Светлые глаза Крузенштерна под глубокой треуголкой нехорошо блеснули.
— Господин главный комиссионер! Офицеру Российского флота действительно нет нужды выслушивать от купцов напоминания о долге. Смею заверить вас, что я не оставлю экспедицию, как это делает господин Резанов, измыслив для сего пустые причины.
Шемелин сказал, что оговаривать решения его превосходительства Николая Петровича, который поставлен над ними государем императором, возможным не считает. К тому же господин Резанов, как известно, не отдыхать едет, а в нелегкое плавание отправляется для обследования компанейских поселений.
Крузенштерн помолчал и сказал мягко:
— Федор Иванович, мы с вами на одном корабле немало общей каши съели, и я вижу давно, что человек вы умный, просвещенный и обязанности свои исправляете отменно. Жаль только, что ваши должности понуждают вас не видеть ничего далее сугубых выгод компанейских… Но посудите сами, может ли моряк, впервые пошедший кругом Земли, интересы плавания ограничить пользою торговой компании? Новые открытия в науках и описания неизвестных земель — не в пример ли важнее для отечества?
— Так и я, Иван Федорович, пекусь о том же, — нашелся Шемелин. — Коль скорее закончим выгрузку, больше времени останется для плавания около Сахалина.
Крузенштерн добродушно, однако с некоторой неохотою, посмеялся и сказал, что ранее, чем прибудет из Нижнекамчатска губернатор генерал Кошелев, отправляться все равно нельзя, поскольку у капитана с губернатором важные дела.
Это был еще один шаг против Резанова. Тот инструкцией своею торопил капитана «Надежды» с отходом к Сахалину, а Крузенштерн тянул, ожидая встречи с губернатором. Он надеялся, что Кошелев во всем разберется справедливо и доложит в Петербург: Резанов не пожелал идти в Америку на «Надежде» без всякого к тому повода со стороны корабельных офицеров. Без такого свидетельства возвращение в Россию могло быть просто опасным.
… Про все это думал Шемелин в то теплое и пасмурное утро на пристани, глядя, как подходит очередной баркас с «Надежды». Здесь нашел Ивана Федоровича солдат и сообщил, что его превосходительство требует господина Шемелина к себе.
Как и в прошлый приход на Камчатку, Резанов квартировал в доме коменданта порта. Шемелина он встретил в приземистом зальце с тесаными столбиками-колоннами, которые придавали деревянному помещению некоторую европейскую торжественность.
Шемелин поклонился.

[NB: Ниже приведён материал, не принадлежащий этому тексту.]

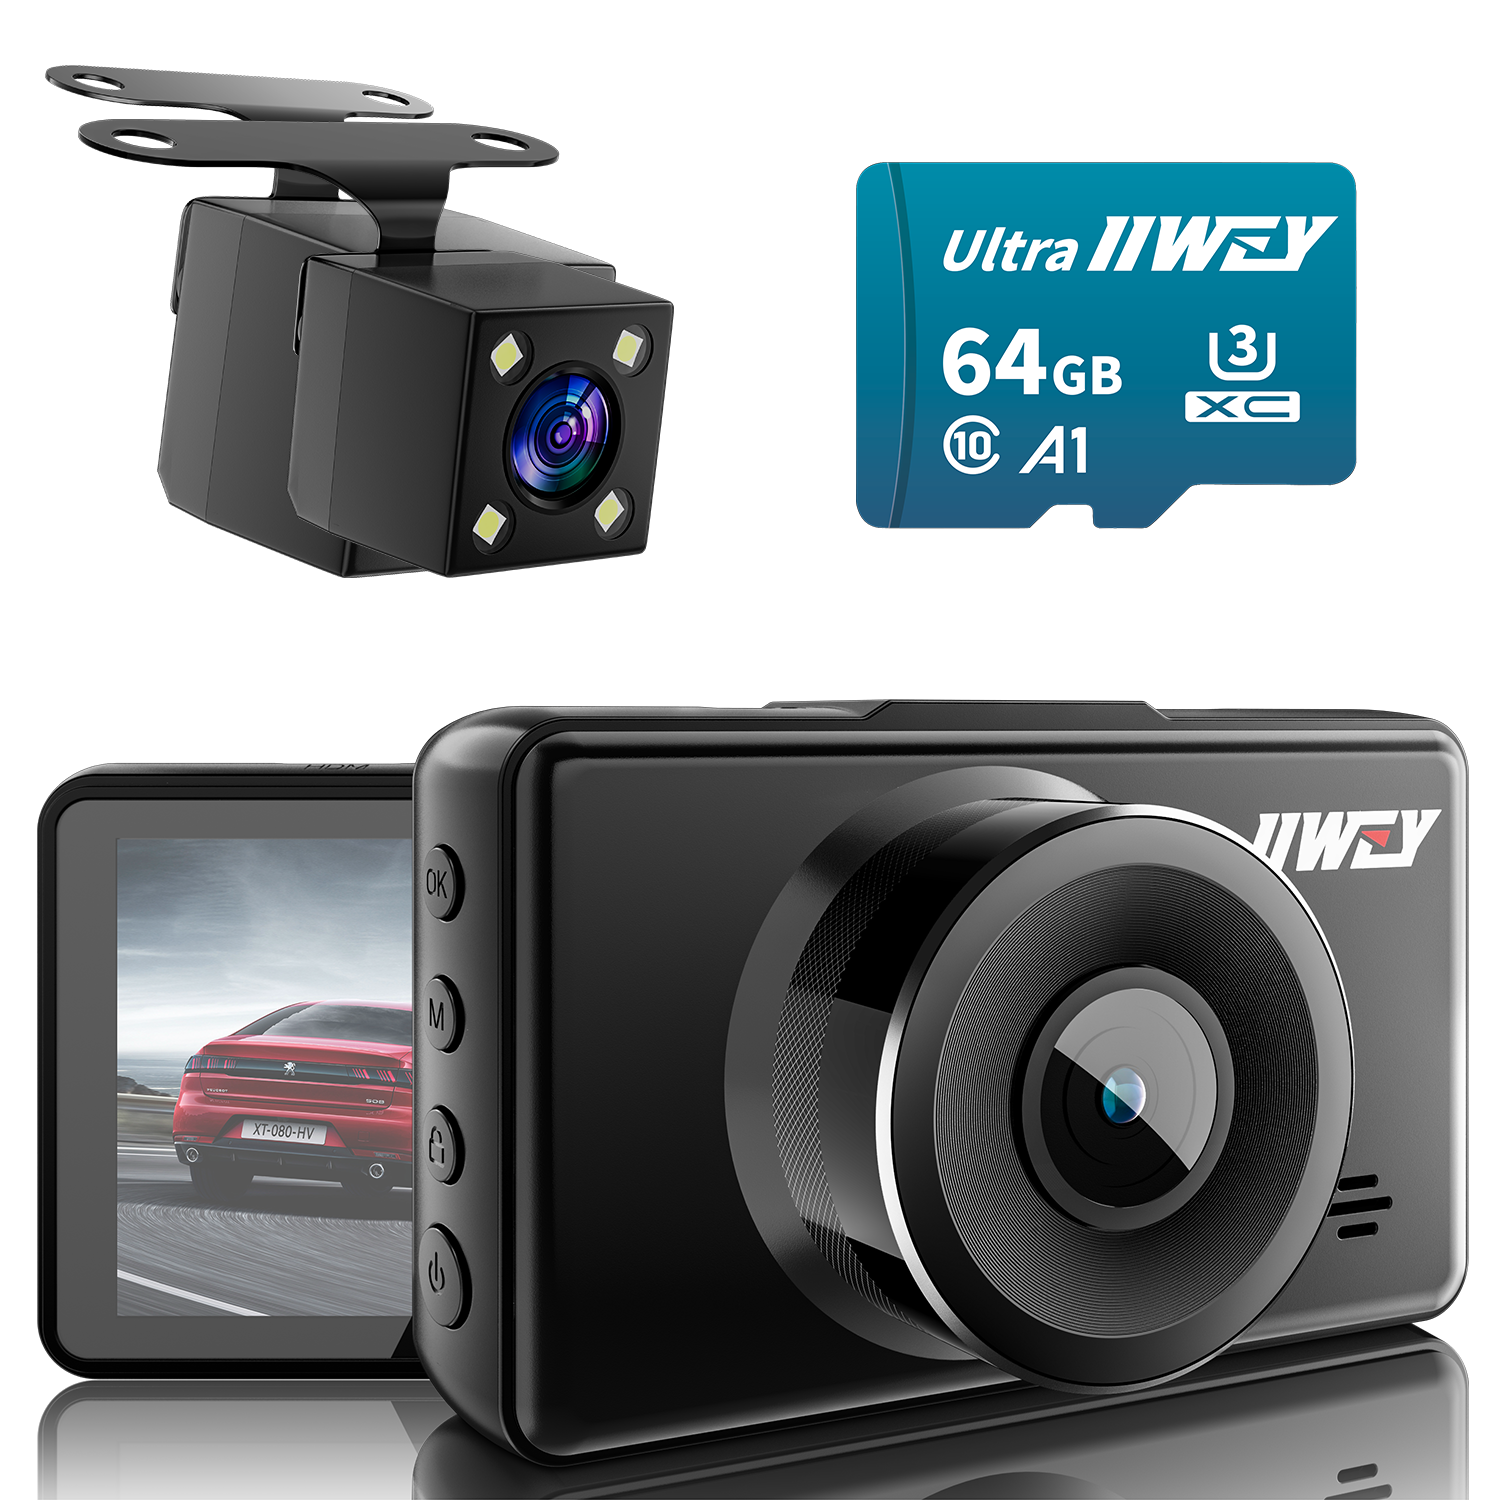 Dash Cam Front and Rear Camera FHD 1080P with Night Vision SD Card Included, 3 Inch IPS Screen Dash Cam for Car, 170° Wide Angle Dashboard Camera Motion Detection Parking Monitor G-Sensor

Резанов встал из-за широкого, крытого зеленым сукном с кистями стола. Он был в мундире и при шпаге.
— Господин Шемелин, — проговорил Резанов с неожиданной ноткой волнения. — Как вам уже известно, дальнейшее пребывание мое на корабле «Надежда» в обществе господина Крузенштерна и других господ офицеров, ему подчиненных, счел я для себя несообразным и посему хотел отказаться от дальнейшего плавания, закончив свою миссию обозрением Камчатской области. Но счастливый случай, доставивший в Петропавловск бриг «Марию», дает мне возможность до конца выполнить высочайшее предначертание и посетить наши американские владения. Вам же надлежит после плавания «Надежды» к Сахалину отправиться с господином Крузенштерном в Кантон с компанейскими мехами, где и произвести коммерцию со всевозможной для Компании выгодой…
Шемелин почтительно молчал, но в молчании пряталось удивление. Зачем его превосходительство повторяет то, что всем уже известно, да еще с такой торжественностью?
Резанов же плавно протянул к столу руку и открыл окованную серебром шкатулку, в которой держал свои важные бумаги.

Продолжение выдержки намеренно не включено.